The DNA scaffolds function as part of an extremely complex system of biochemical activity. Even small changes to the dynamics of some part of that system have a potential for producing significant results. The sequence of scaffold DNA is the least constrained part of the system. Variations in that sequence are very good candidates for the providing the degrees of freedom needed for successful evolution by natural selection.
The 1000 genomes project has identified large numbers of common genetic variations. It discovered the tendency of many of those genetic variations to cluster on a single chromosome. It used statistical techniques based on that discovery to impute the haploid association of single nucleotide genetic variations from diploid sequence data. This work has exploited the 1000 genomes results. Its results provide a strong confirmation of the effectiveness of the 1000 genomes statistical methods.
The 1000 genomes results imply that there is no single normal human DNA sequence. Instead, all human beings express varying associated genetic variations in patterns that are very far from any kind of random distribution. Nevertheless, most of the scientific community still appears to think of human DNA as a single reference sequence with some number of independent randomly distributed genetic variations. That model underlies the assumption that correlation of individual SNPs with some phenotype is an effective technique to understand the functional role of individual genetic variations.
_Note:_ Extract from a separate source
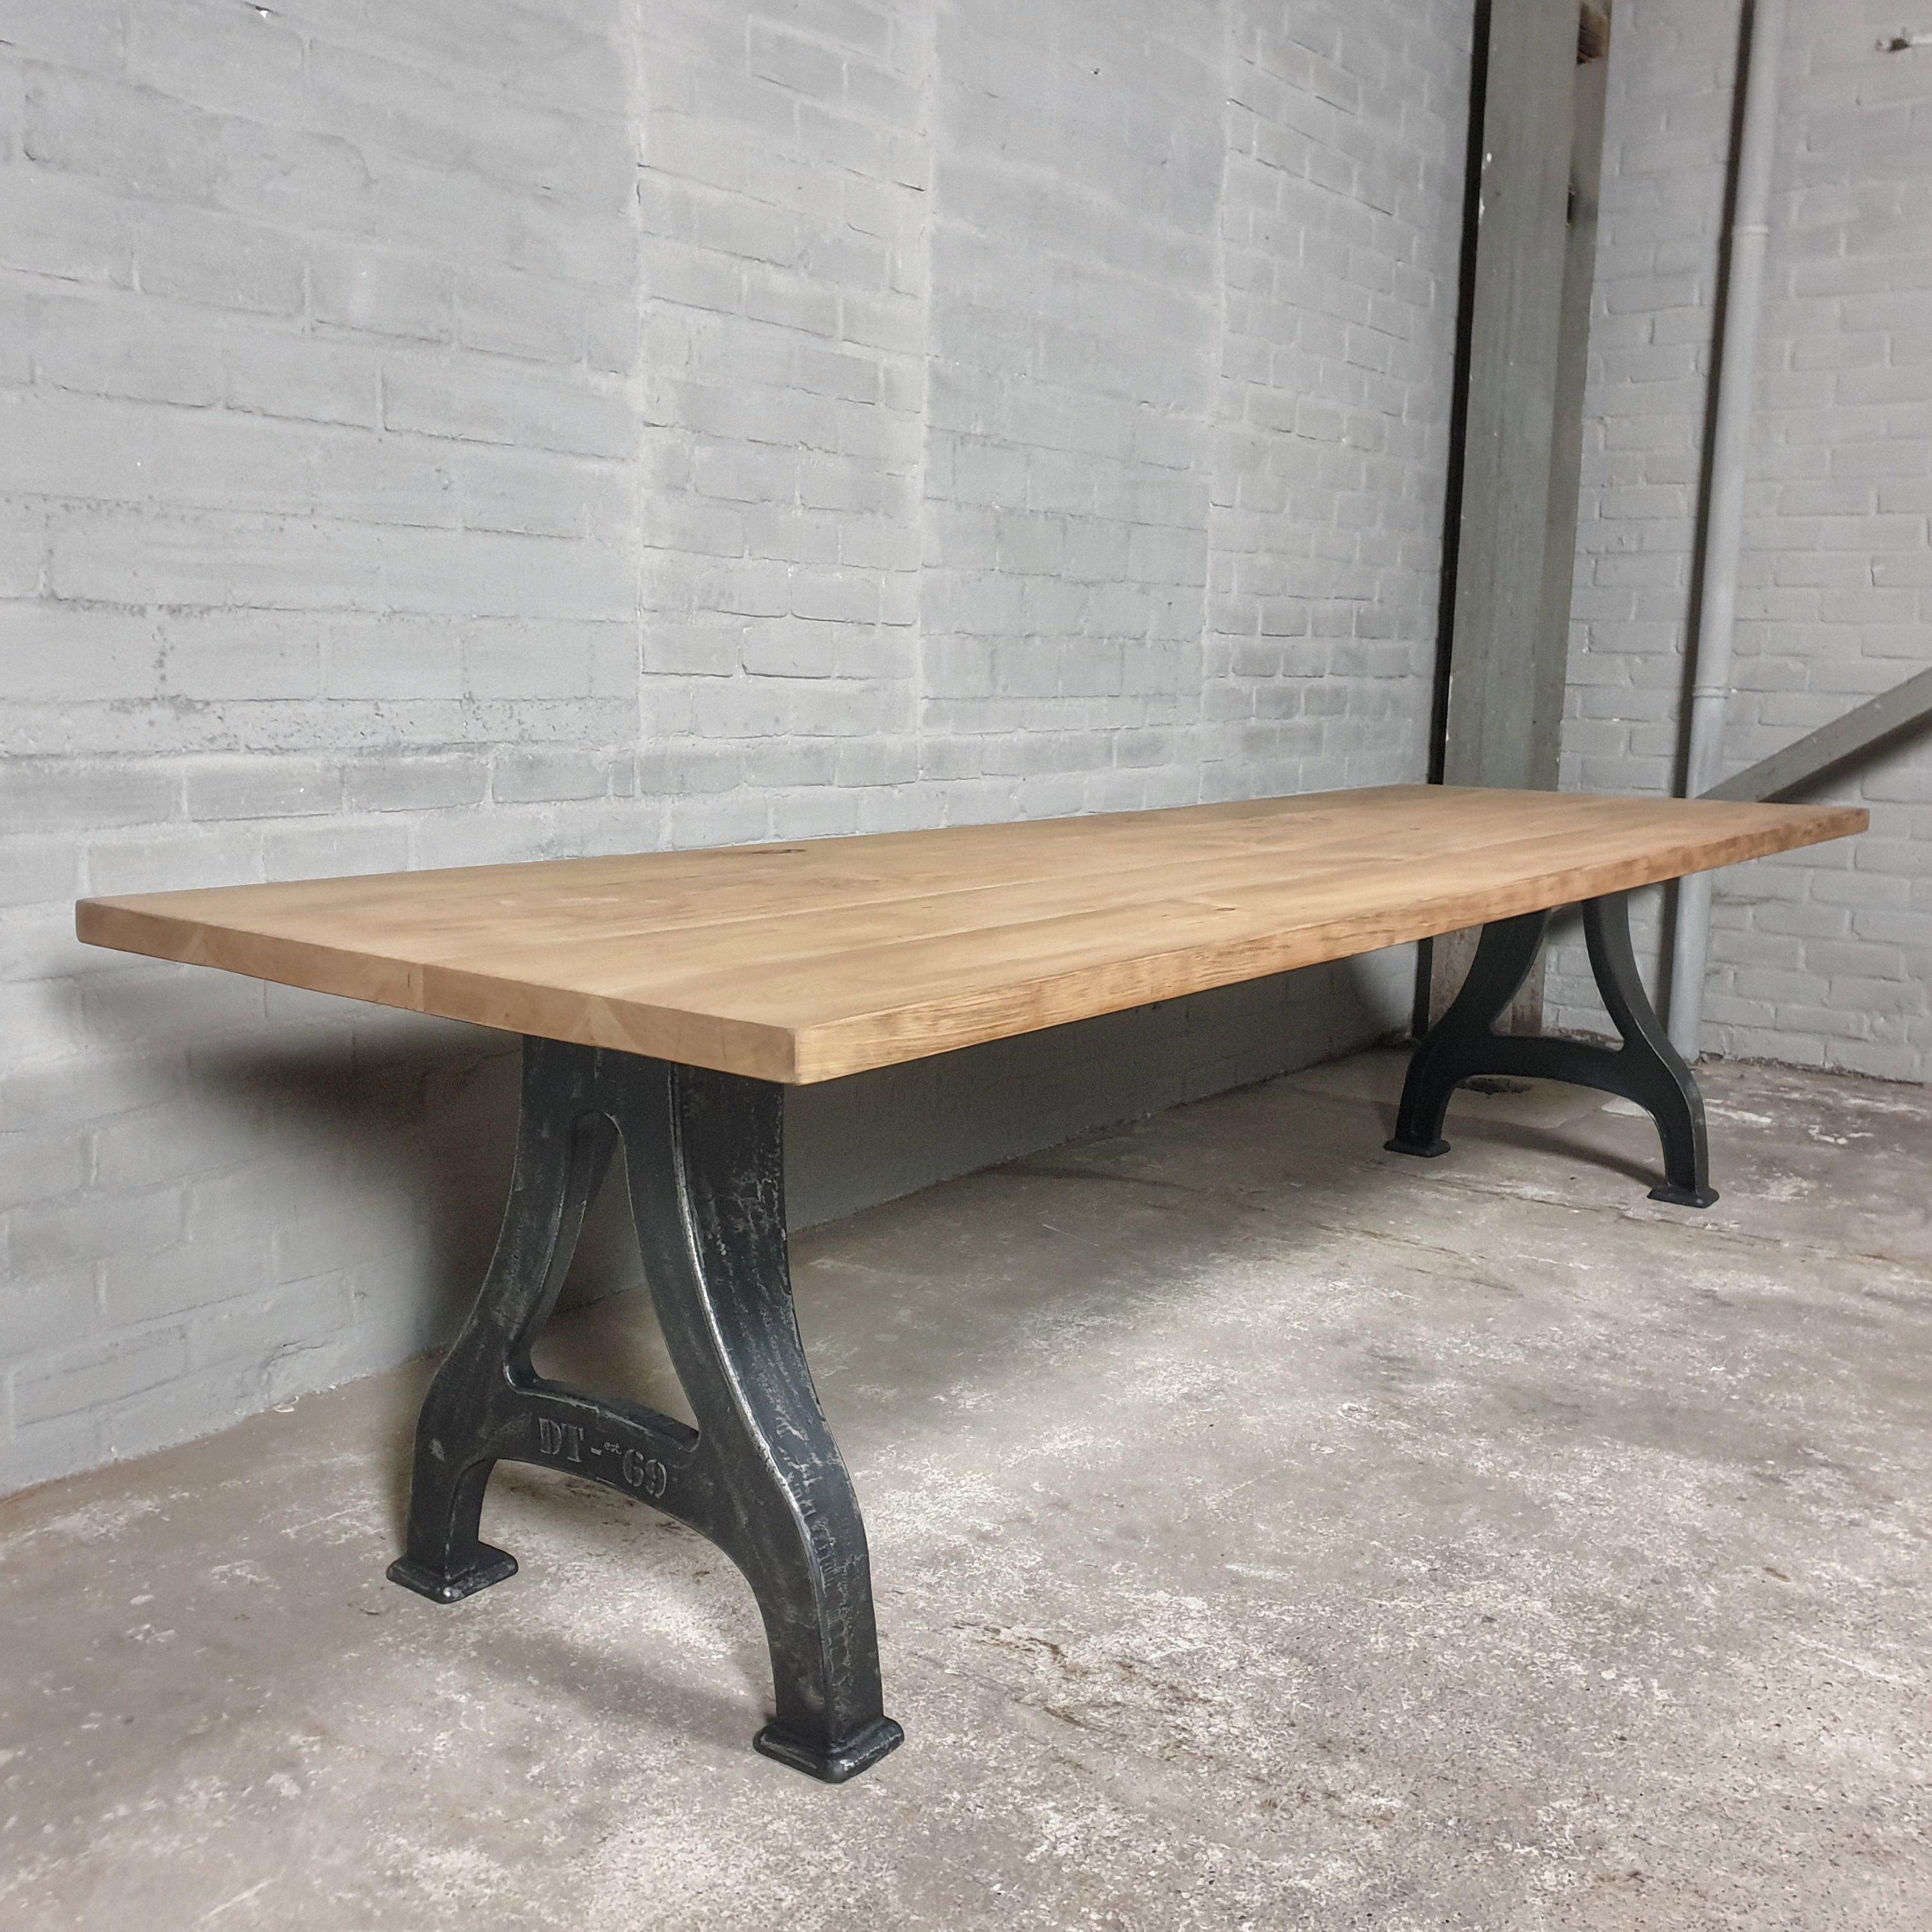 Industrie Design Tisch – Gusseisen Tischgestell - massivem rustikalem Kirschholz Tischplatte - IND724

The results of this work call that model into question. Central to this work is a technique for visualizing the associations of clustered SNPs. Use of this technique was a major factor in the recognition of the structures and histories reported in these results. Perhaps inspection of some of the genomes_dnj notebooks can help in the recognition of the reality that is implied both by the 1000 genomes results and by all of the work that shows the role of complex DNA scaffolds in regulating major cellular processes.
This blog has several goals:
Guide access to the jupyter notebooks that contain the results of the work.
Guide access to the source code that provides the details of the methods used.
Outline the construction of a python package capable of repeating the project's results.
Outline the process required to extend the project with data for all of the autosomal chromosomes.
Discuss the value of the work and its relation to the emerging understanding of human genetic function.
There are two project repositories:
genomes_dnj on github contains the project source code and the jupyter notebooks.
genomes_dnj on google drive duplicates the github content. It adds the data for all autosomal chromosomes in hdf5 format and the notebooks in html format.